## Entries provided
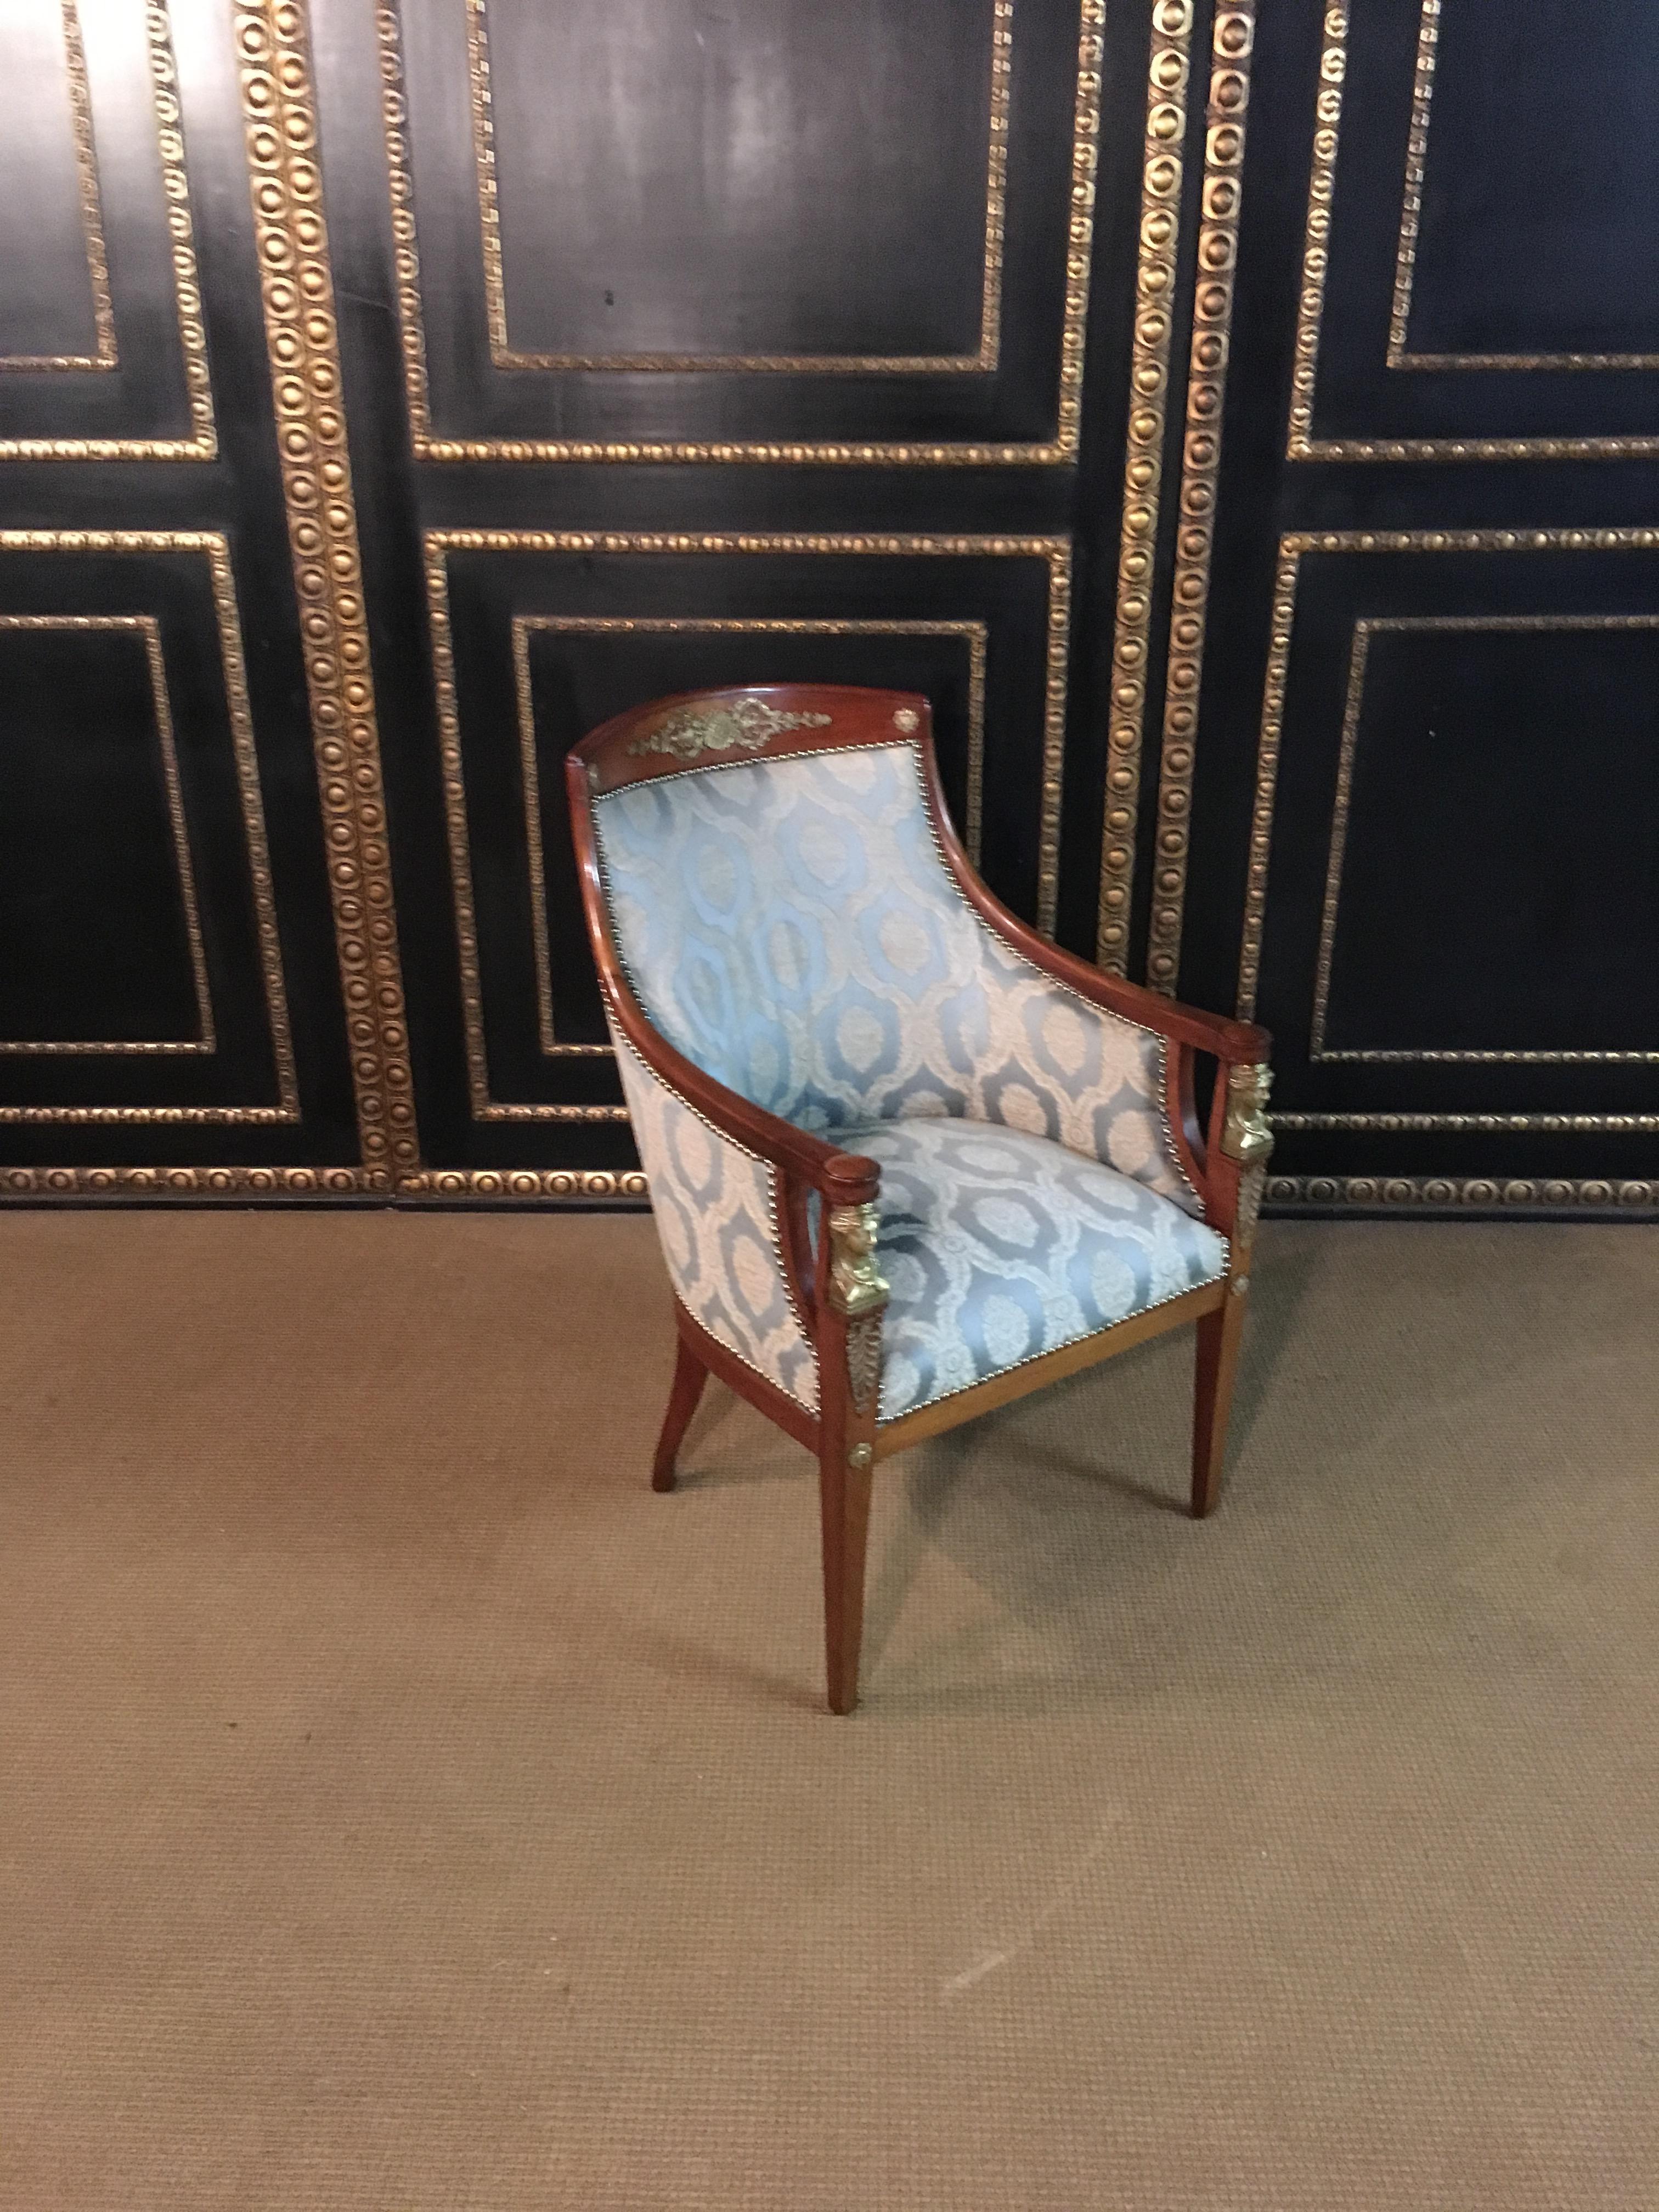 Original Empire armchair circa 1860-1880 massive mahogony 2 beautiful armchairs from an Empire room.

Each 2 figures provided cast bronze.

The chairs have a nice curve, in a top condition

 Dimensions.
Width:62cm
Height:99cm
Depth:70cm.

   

## Work request
Only the pictures are to be left out; repeat everything else in the records above exactly.

## Output of the task
 Original Empire armchair circa 1860-1880 massive mahogony 2 beautiful armchairs from an Empire room.

Each 2 figures provided cast bronze.

The chairs have a nice curve, in a top condition

 Dimensions.
Width:62cm
Height:99cm
Depth:70cm.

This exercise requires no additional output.